GIVEN DATA -
· · ·

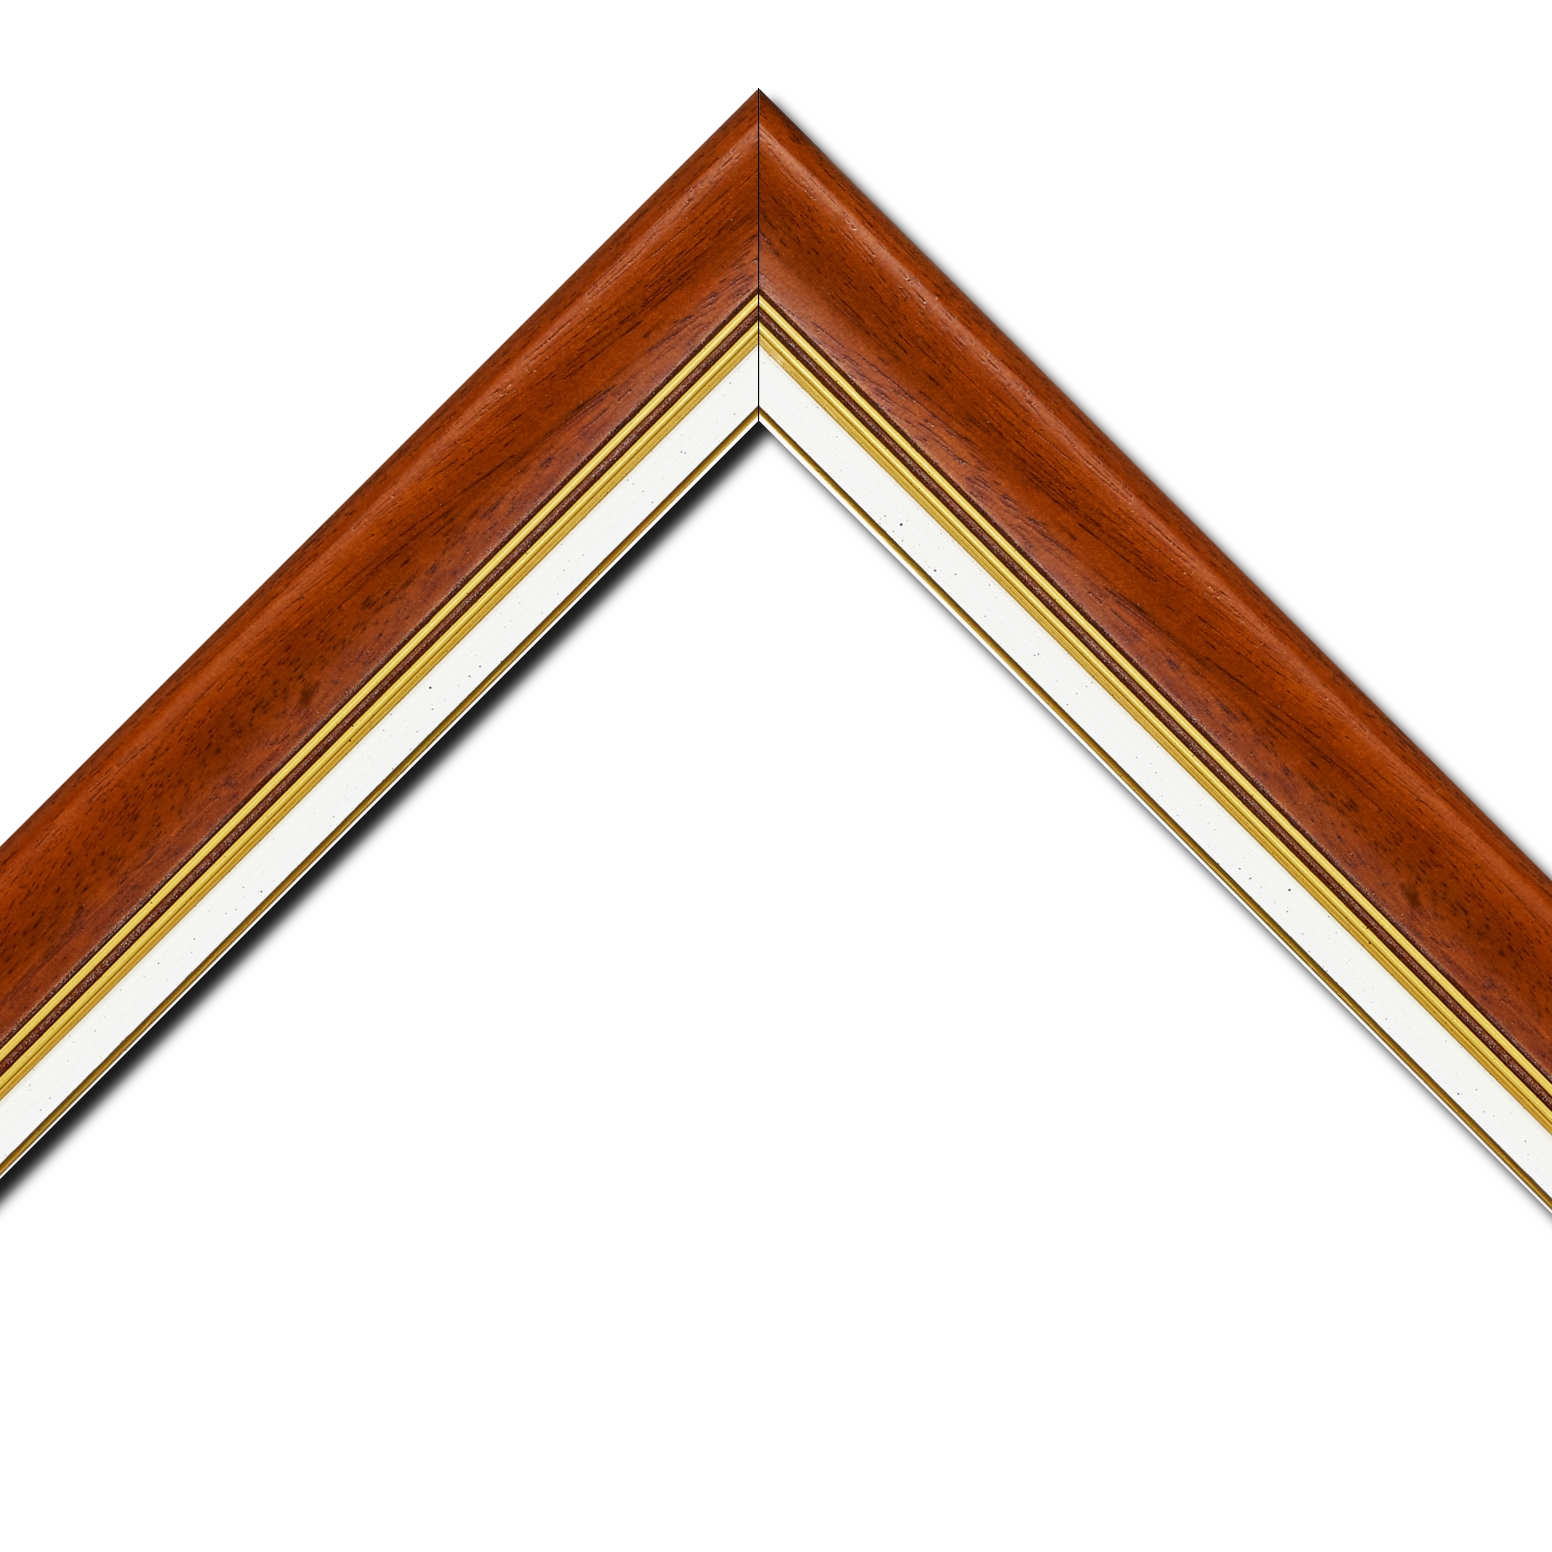 Baguette bois profil incurvé largeur 5.7cm de couleur marron ton bois marie louise blanche mouchetée filet or intégré
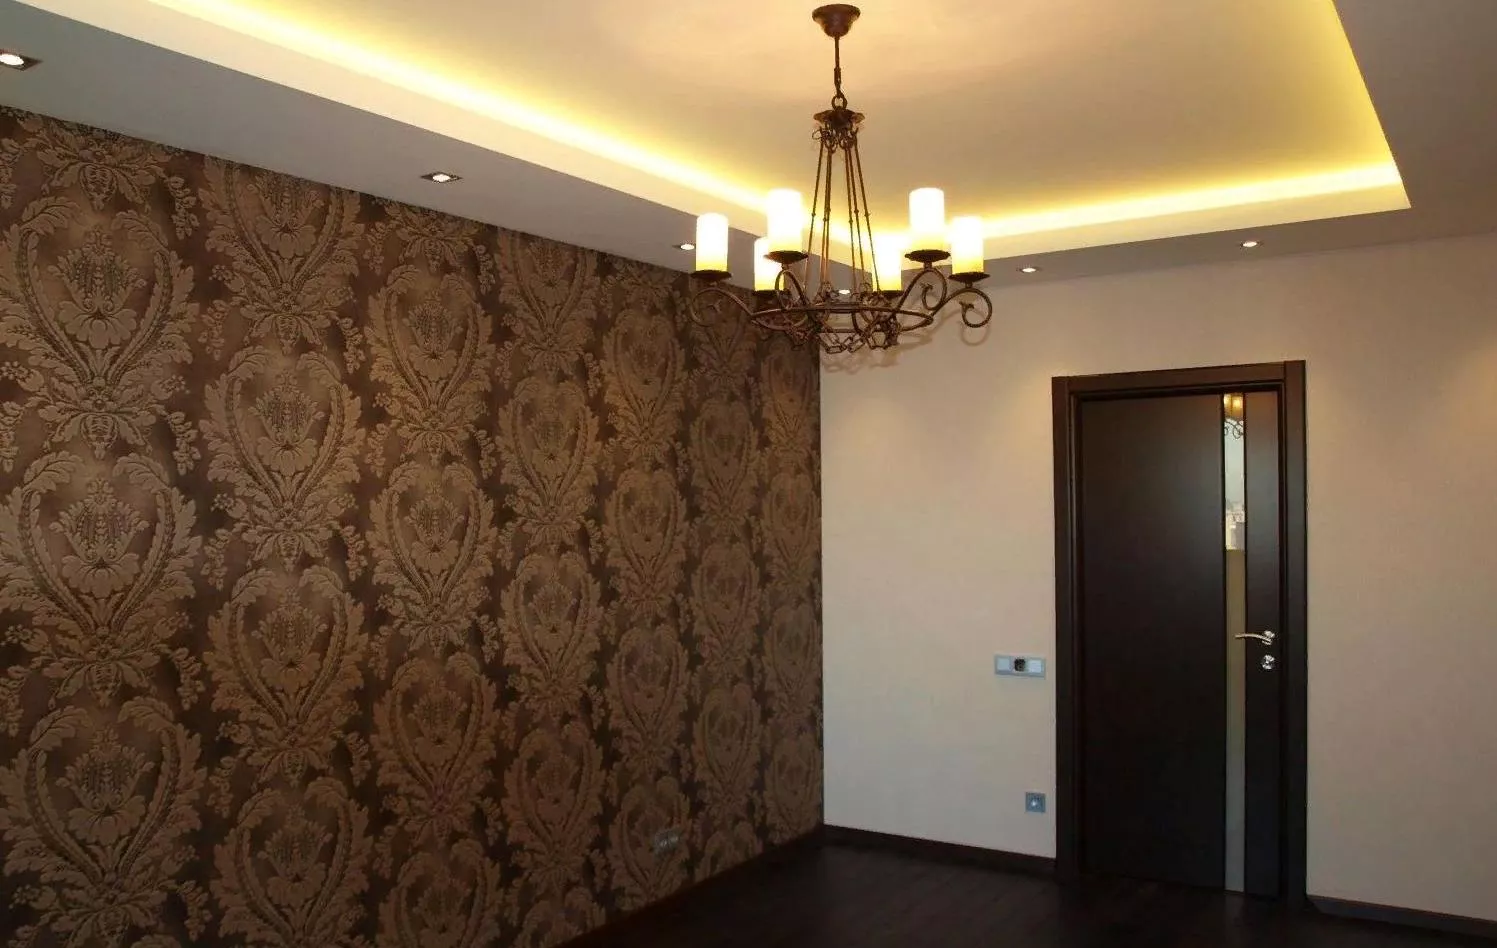 Дизайнерский ремонт квартир в Москве под ключ цена от руб за 1 м2
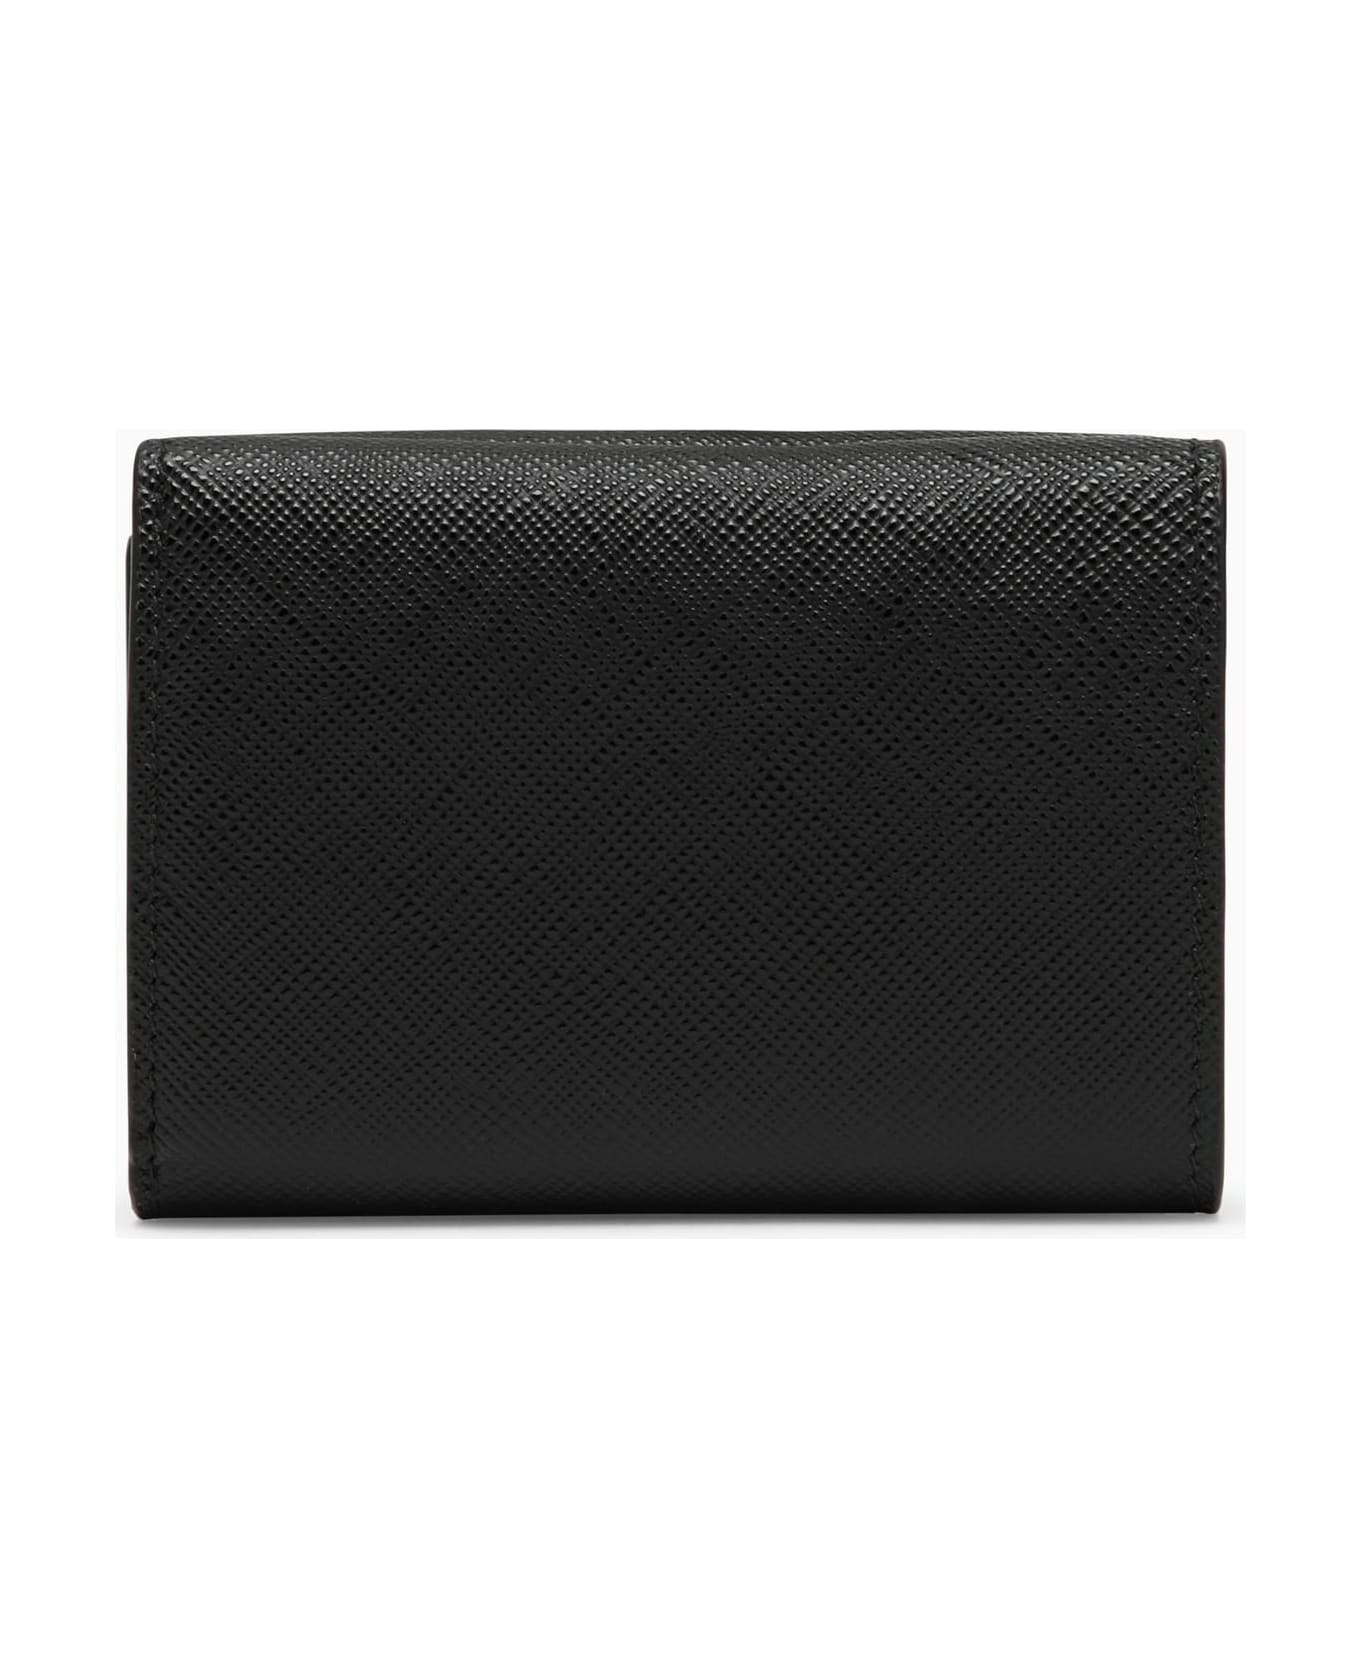 Prada Black Saffiano Leather Small Wallet - Nero 財布

· · ·

Return each line from the material above exactly, but not the pictures.

RESPONSE TO THIS EXERCISE -
 Baguette bois profil incurvé largeur 5.7cm de couleur marron ton bois marie louise blanche mouchetée filet or intégré
 Дизайнерский ремонт квартир в Москве под ключ цена от руб за 1 м2
 Prada Black Saffiano Leather Small Wallet - Nero 財布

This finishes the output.